First, because it is always unclear if TAR is a synonym for predictive coding as the cases above illustrate.  And as a further example, in a recent post on Ralph Losey’s blog, E-Discovery Team, a sub-title states, “New First Class Added to the TAR Course,” with the first sentence then stating, “We also added a new class on the historical background of the development of predictive coding.”

Second, because any discussion of TAR involves selecting documents using algorithms. Algorithms. Math. Warning. Warning. Danger Will Robinson. Attorneys react to math the way astronaut David Bowman reacted to HAL in 2001: A Space Odyssey – like it’s trying to kill them.

Want a good example? Take a look at Ralph’s most recent blog about his TAR course.  Great course, extremely comprehensive, tremendous insight into TAR.  But here’s a paragraph from the site:

Ralph misspoke in the video at point 8:39 when he said 95% confidence interval, he meant to say 95% confidence level. The random sample of 1,535 documents created a probability of 95% +/- 2.5%, meaning a 95% confidence level subject to an error range or interval of plus or minus 2.5%.

Gain curves, x-axis vs y-axis, HorvitsThompson estimators, recall rates, prevalence ranges and my personal favorite “word-based tf-idf tokenization strategy.”  All this geek talk makes me yearn for the days of Trover and Replevin.

Third, because we’re talking about a process, not a product. The Wall Street Journal made exactly that point in a 2012 article entitled “Why Hire a Lawyer? Computers are Cheaper.”  Ralph calls it the multi-modal approach: a combination of people and computers to get the best result.

Everyone agrees that manual review is inefficient (the lawyer part), but nobody can agree on what software the lawyers should use and how: the geek part.  And when geeks start disagreeing over technology, that’s when things get uncertain.

So where does this leave us? 

The idea behind predictive coding – that technology can help reduce the cost of eDiscovery – is a great one. But figuring out what pieces of technology to apply at what point in the workflow is not so easy, especially when the experts disagree as to the best methodology.
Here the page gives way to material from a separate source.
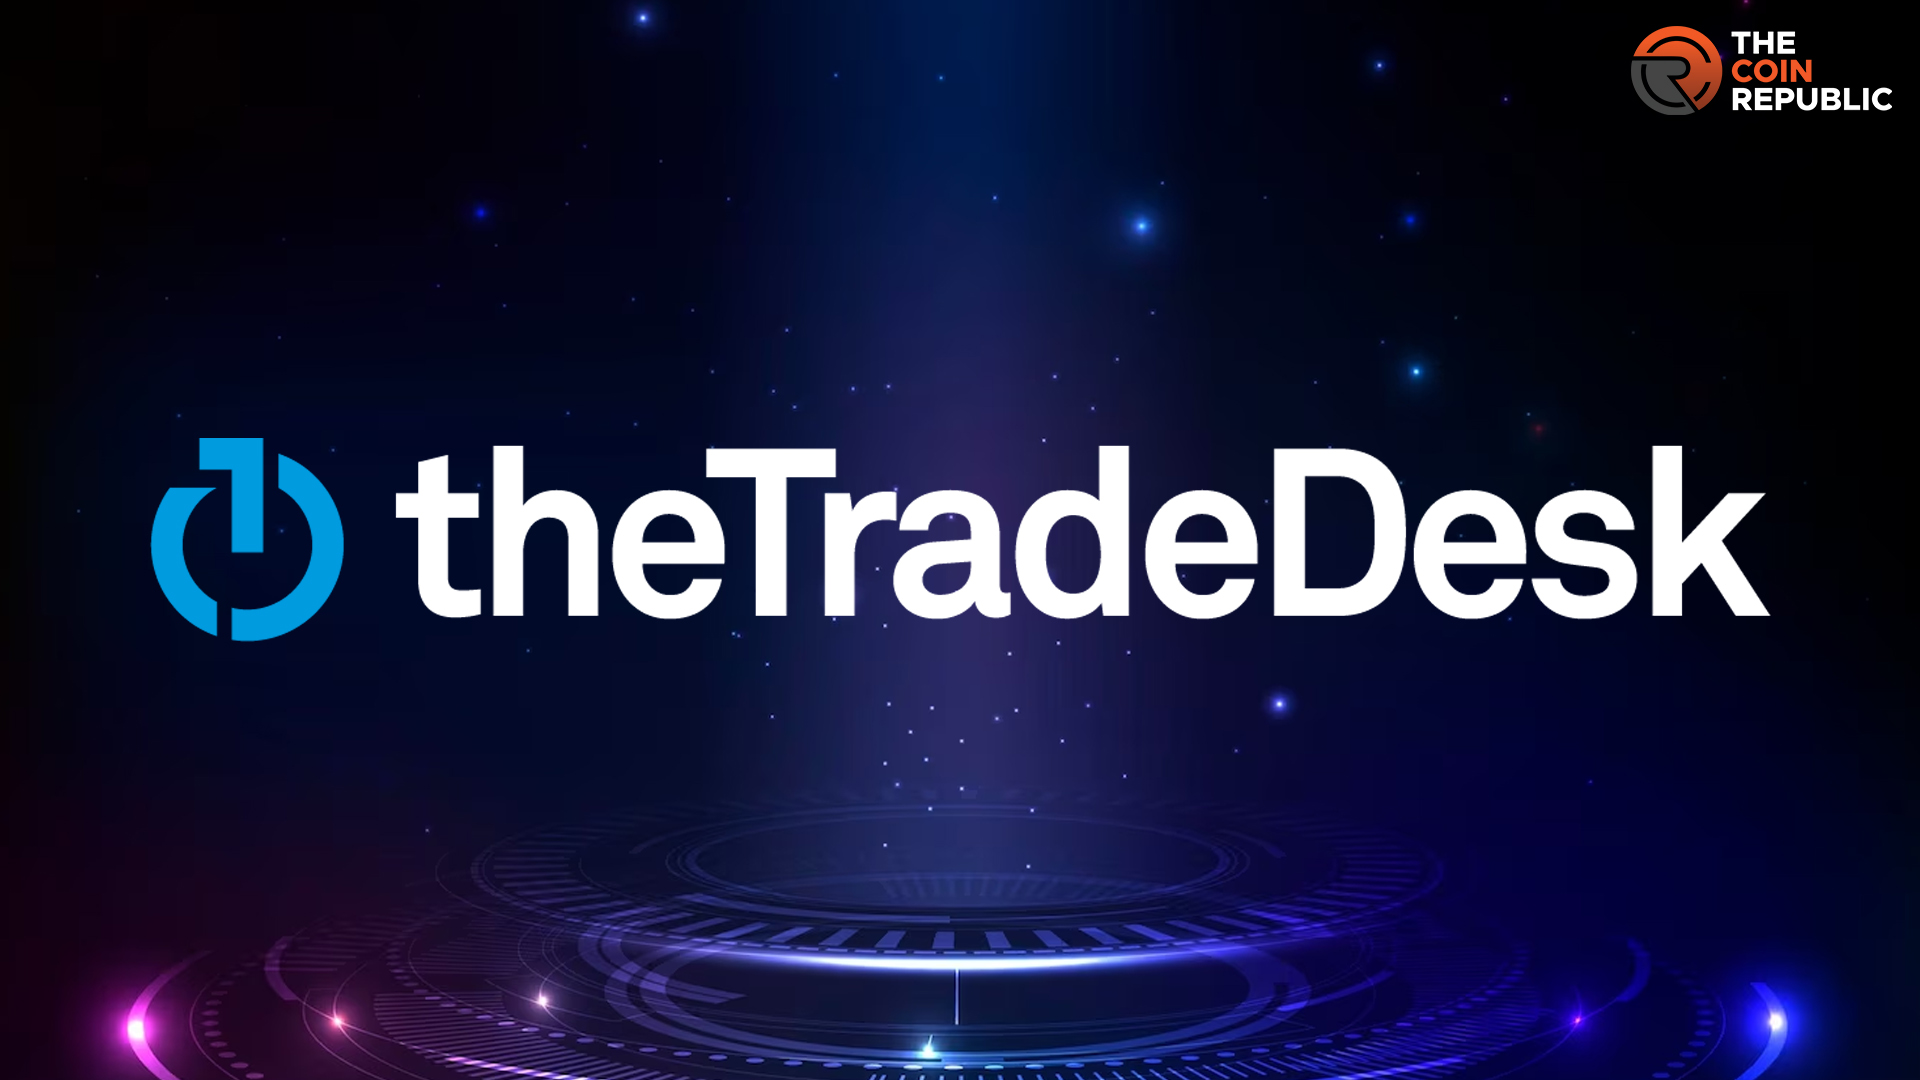 TTD Stock Price Up 5; Trade Desk Stock Prepares for New High?

Remember when Judge Facciola said in the O’Keefe case that areas of technical expertise are where even angels fear to tread? Believe me — the angels are taking a BIG detour around this subject.

My advice?

Before you think about using more advanced technology, use basic tools early on: dedupe, denist, cull by dates, sample by custodians and start with basic search terms that are agreed upon by both sides. Then get an expert to perform more advanced analytics who has legal experience and can explain the procedure to you in simple English.

TAR isn’t a piece of software. It’s a process that can include many different steps, several pieces of software, and many decisions by the litigation team. If you and/or your expert can’t quickly and concisely explain that process to the Court as easy as you can order a waffle cone with one scoop of rocky road, one scoop of chocolate pecan fudge, jimmies and some pineapple sauce, then you may find yourself on the receiving end of a document exchange protocol order drafted by the party who could.